Absent further action by the Small Business Administration ("SBA") Office of Hearings and Appeals or a Federal Court, the GAO has effectively ended the argument as to whether the Small Business Runway Extension Act of 2018 ("Runway Extension Act") immediately changed the annual receipt average for revenue-based small business size standards from three years to five. In short, firms should continue to apply the three-year standard until SBA's regulatory process runs its course.
Given fairly clear congressional intent that the change should be immediately implemented, but guidance from SBA that pointed in the opposite direction,1 there was some debate about whether the Runway Extension Act was immediately self-executing or whether formal rulemaking was required for it to take effect. SBA took the position that it needed to implement the change through rulemaking, and has taken steps to do so as of June 24, 2019. However, this rulemaking came too late for TechAnax, LLC and Rigil Corporation, two pre-award protesters of a General Services Administration ("GSA") solicitation for new contracts on the One Acquisition Solution for Integrated Services ("OASIS") small business pools. In TechAnax, LLC; Rigil Corporation, B-408685.22; B-408685.25, GAO held that it was not unreasonable for the agency to use a three-year annual receipts average in accordance with SBA guidance.
The solicitation provided for the award of indefinite delivery, indefinite quantity ("IDIQ") contracts in small business pools 1, 3, and 4. To be eligible for award, each offeror was required to be a small business under the size standards corresponding to the North American Industry Classification System ("NAICS") codes for the pool(s) in which it intended to compete. Both protesters intended to compete in Pool 1, which has a small business size standard of $15 million in annual receipts. On June 6, 2019, GSA issued an amendment to the solicitation stating that the GSA would follow SBA's position that the Runway Extension Act was inapplicable until a final rule was promulgated. Accordingly, GSA intended to apply a three-year average to calculate size. TechAnax and Rigil protested the terms of the solicitation, arguing it did not comply with the Runway Extension Act, which (they argued) took effect immediately upon enactment of the statute.

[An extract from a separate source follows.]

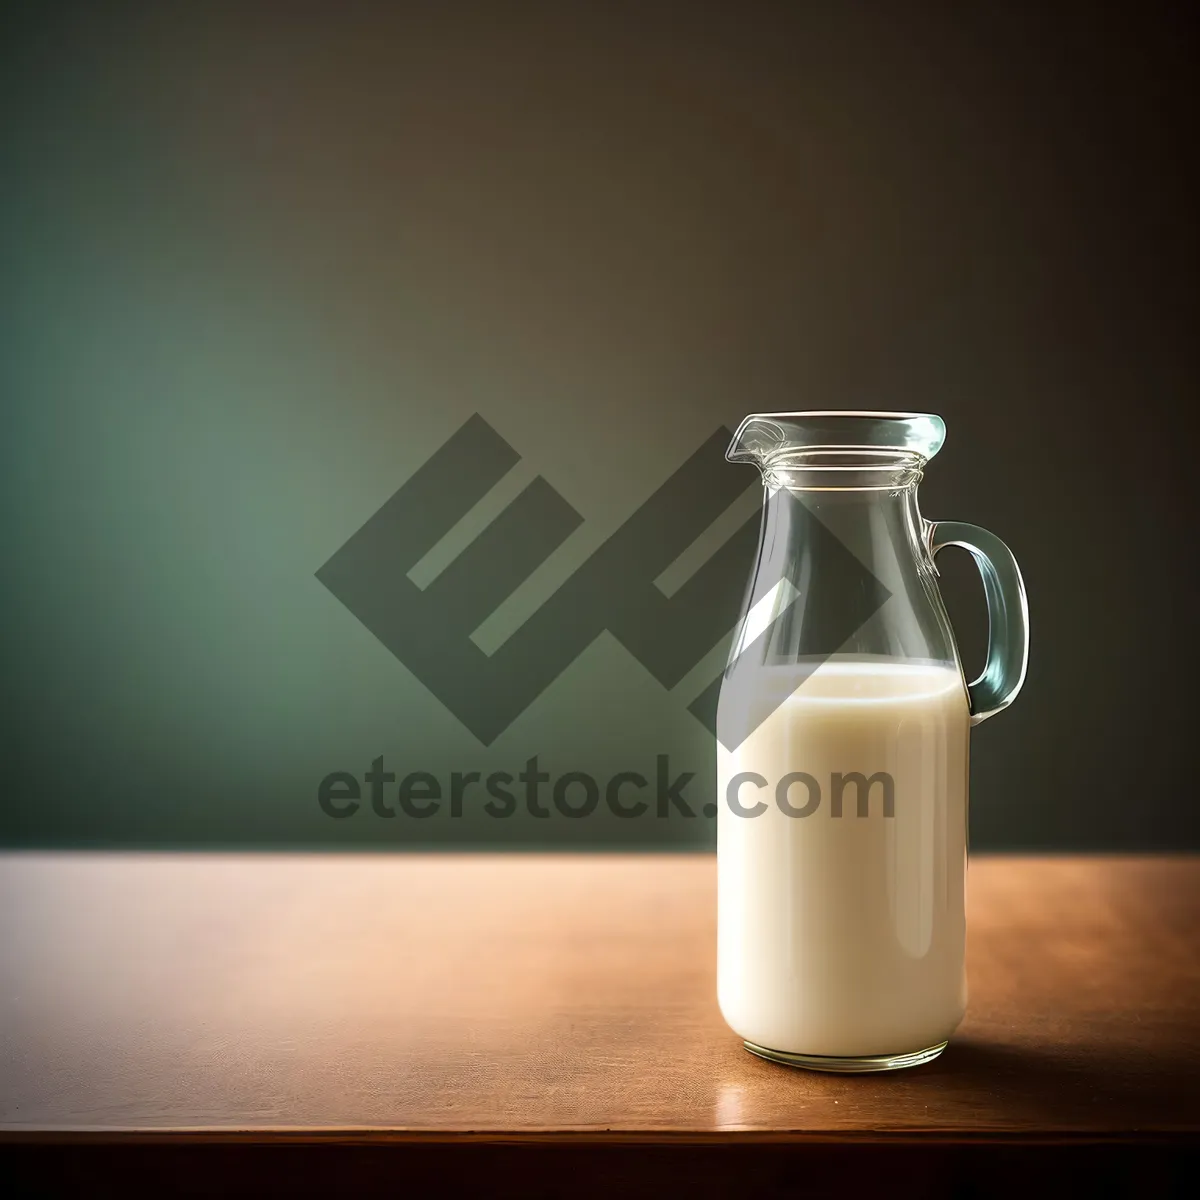 Picture of Refreshingly Pure Milk in Glass Bottle
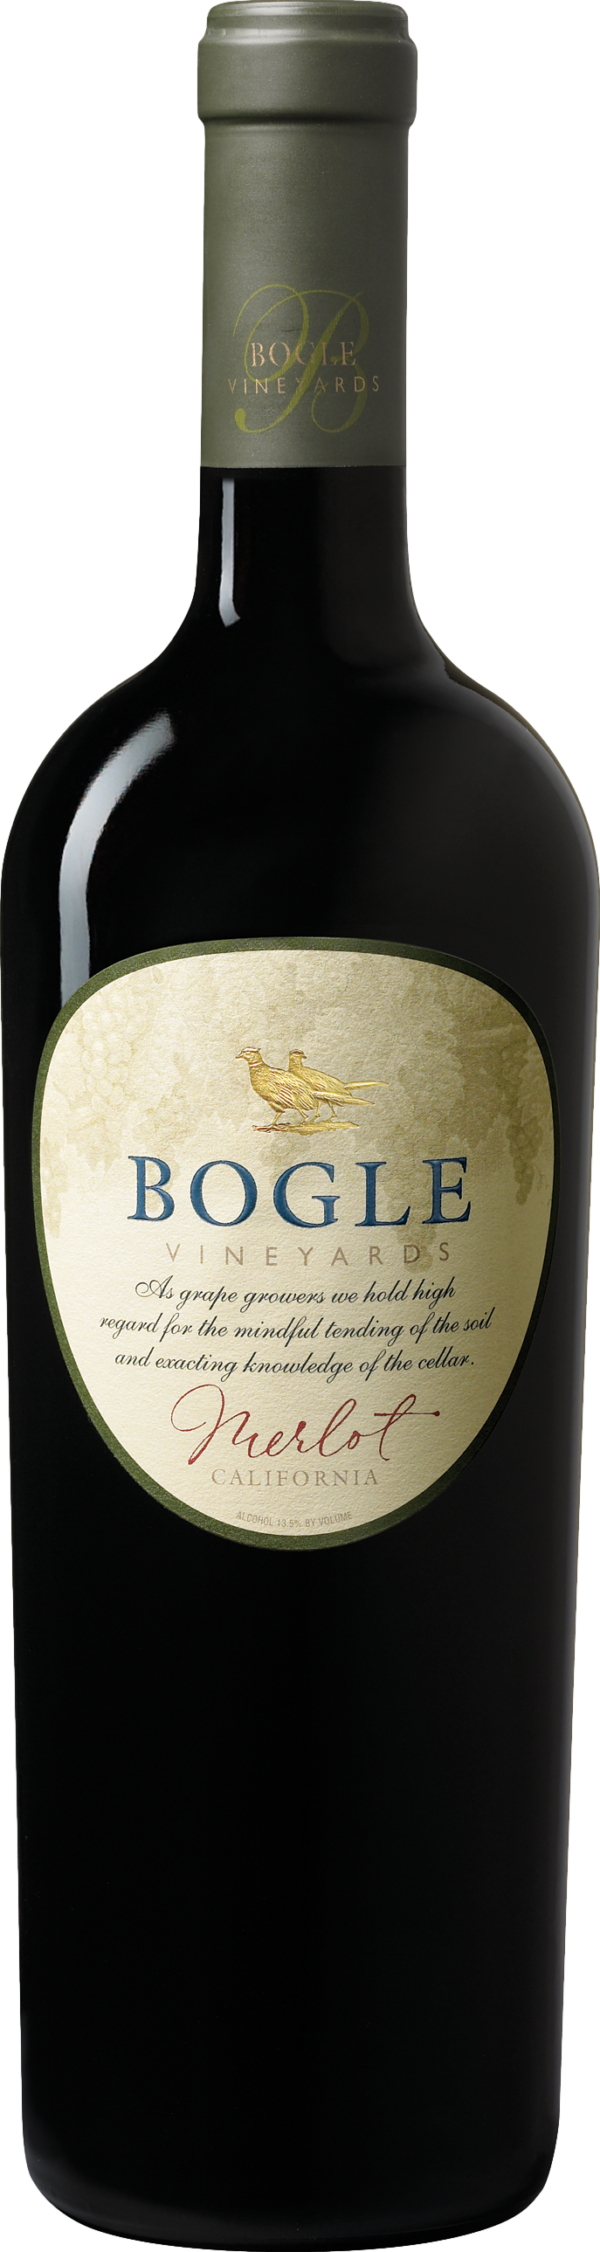 Product image of Bogle Merlot 2019 from 8wines

GAO denied the protest, holding that, although the Runway Extension Act might have been effective immediately, the Act itself requires SBA to promulgate regulations to give effect to the new measurement period. At the time of the GAO decision, SBA had not yet finalized a rule giving effect to the change from a three-year to a five-year annual receipt average. As a result, GAO deferred to SBA's interpretation of the statute and denied the protests.
In the interim, SBA's rulemaking continues on, with the due date for comments on its proposed rule implementing the Runway Extension Act set on August 23, 2019. In all likelihood, that means a final rule late this year or early next year. Until that time, businesses should continue to use the three-year average for revenue-based size standards.
 See SBA Information Notice No. 6000-180022 dated December 21, 2018.
Because of the generality of this update, the information provided herein may not be applicable in all situations and should not be acted upon without specific legal advice based on particular situations.